It's a generalized loss of personal relations, so...

Those words would fit it if it was about a single person, but it's generalized. So there's nothing to get marginalized from.

I do favor "community dissolution" or on the extreme "society dissolution". You can find similar things in history to take lessons from (it doesn't end well), but you will need to go way further than what you are trying.


Atomization.


Great comment. Frankly, the best summary is-- in the pursuit to get rid of middlemen, the middlemen arose in different clothing. Everyone wants arbitrage and leverage their into a better life.


>I'm sure there's a term for all of the de-personalization, but I don't know what it is.

deracination?


Just create a company for yourself.

When that sort of situation arose for me, it seemed mostly just that companies I wanted to work with weren't really set up to handle individual freelancers. They weren't trying to scam me or let their buddies skim off the top. So, I made an S-Corp. Haven't had a problem since.

Also makes it easier to do stuff like get project insurance, which some clients have also required. It's not expensive or time-consuming, you just have to jump through the hoops the bureaucracy wants you to jump through sometimes. And if that makes you uncomfortable, then you don't have to go after or take those kinds of gigs.


Went the LLC route, got professional insurance (megabux of insurance is actually not that expensive), those two tick most of the boxes for most potential clients. Individual experiences will vary of course, and there are totally folks out there who want to kick their friend's middleman business everything they can.


Same here, single person LLC awhile back.

The big advantage of this route is you have much wider discretion to define your salary, business expenses, what you can claim on taxes, etc. It was really eye opening to me what the accounting possibilities are.

The downside is you need an accountant (or be very good at it yourself), and of course you need steady clients.


Indeed. Scubabear the employee is still limited to the same 401(k) contribution limits as everyone else, but Scubabear the employer LLC can have some very generous employer contributions for all of their employees (which happens to be just the one).


It’s so annoying that that sort of thing isn’t available to everyone. Similar for mega back door Roth IRA. Which my partners work supports but mine doesn’t. Iirc being able to back door or not was something like 175k dollars over 30 years.


Hey, can you share any resources for learning this stuff? I've started to play around in these waters, meeting with an accountant next week, but I'd like to get semi-ok at it myself. Any books or resources would be appreciated.


I learned it all online from various sources, and confirmed with an accountant.
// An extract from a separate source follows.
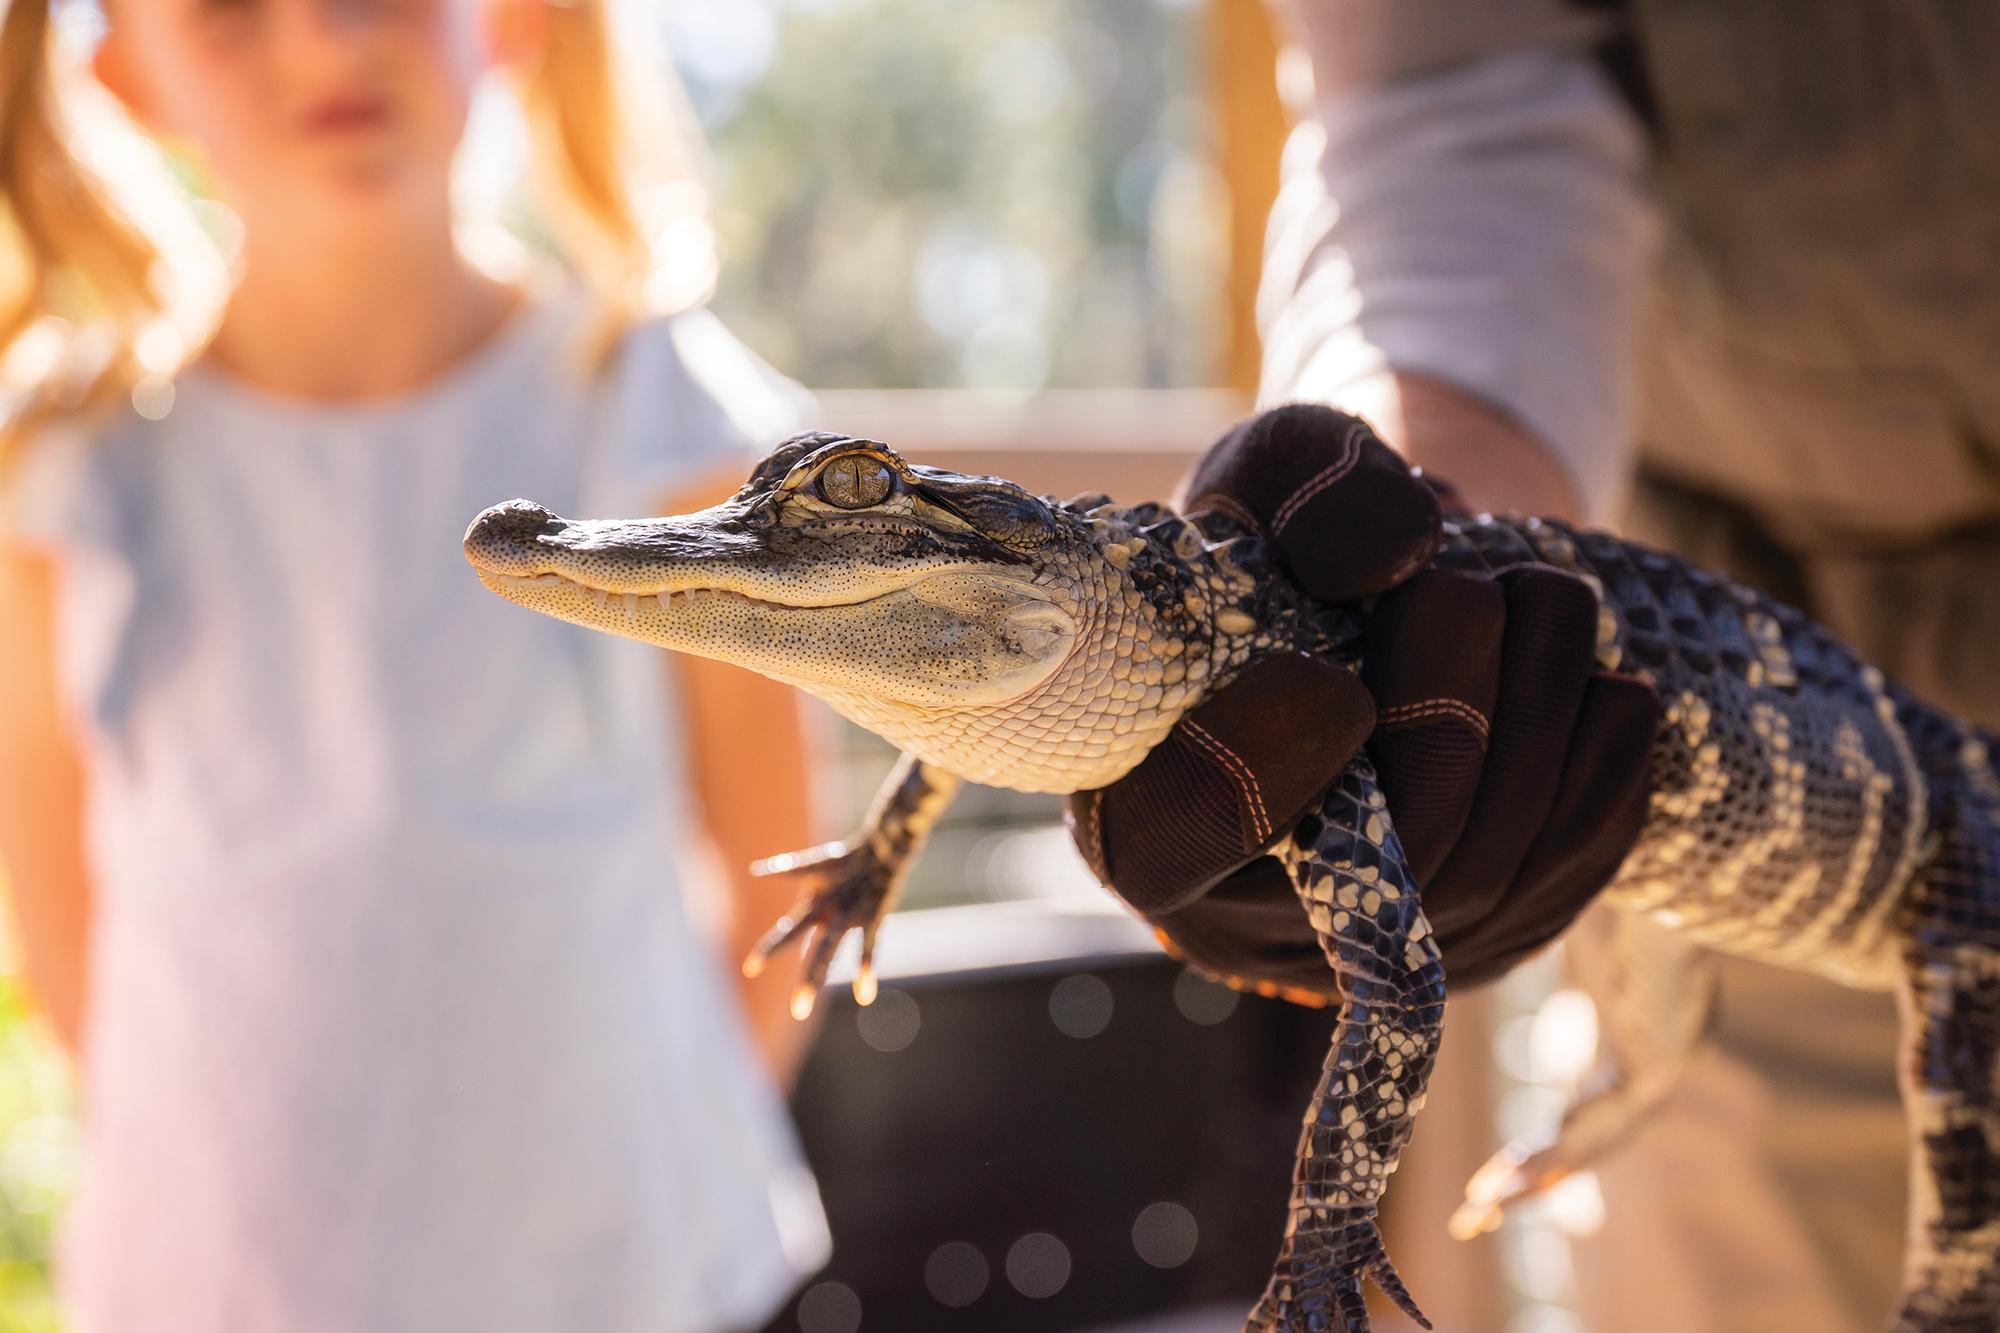 Gatorology 2

Start by Googling “single proprietor llc tax advantages”, and go down the rabbit hole of sole proprietorship vs single person LLC vs S-Corp.

From memory S-corps are a little involved to setup, but have some unique advantages. Single person LLC’s are dead simple to setup. In my State, NJ, it was simply getting an EIN from the IRS website, doing a name search for a unique enough name, and then registering the LLC with the State for a small fee.

Unlike a salary, when you do “Corp to Corp” and someone pays your LLC, it is up to you what to do with that money and how to account for it. That is where the tax advantages can be big. But be sure to talk to that accountant and get your tax payments in order.


Same here. When I finally did incorporate, I did use a local lawyer who does everything for $300 and walked out with my documents and EIN. Took about an hour. Said lawyer also allows use of their office address as the official contact and weeds out spam/scam official-looking letters.

I do my own accounting, it's not exceedingly difficult if you use e.g. TurboTax, but it does take time that you won't be billing for. If you don't use an actual accountant, you probably want to be pretty conservative with writeoffs, deductions, etc. I have a lot of physical inventory and hard purchases, so that makes it more straightforward.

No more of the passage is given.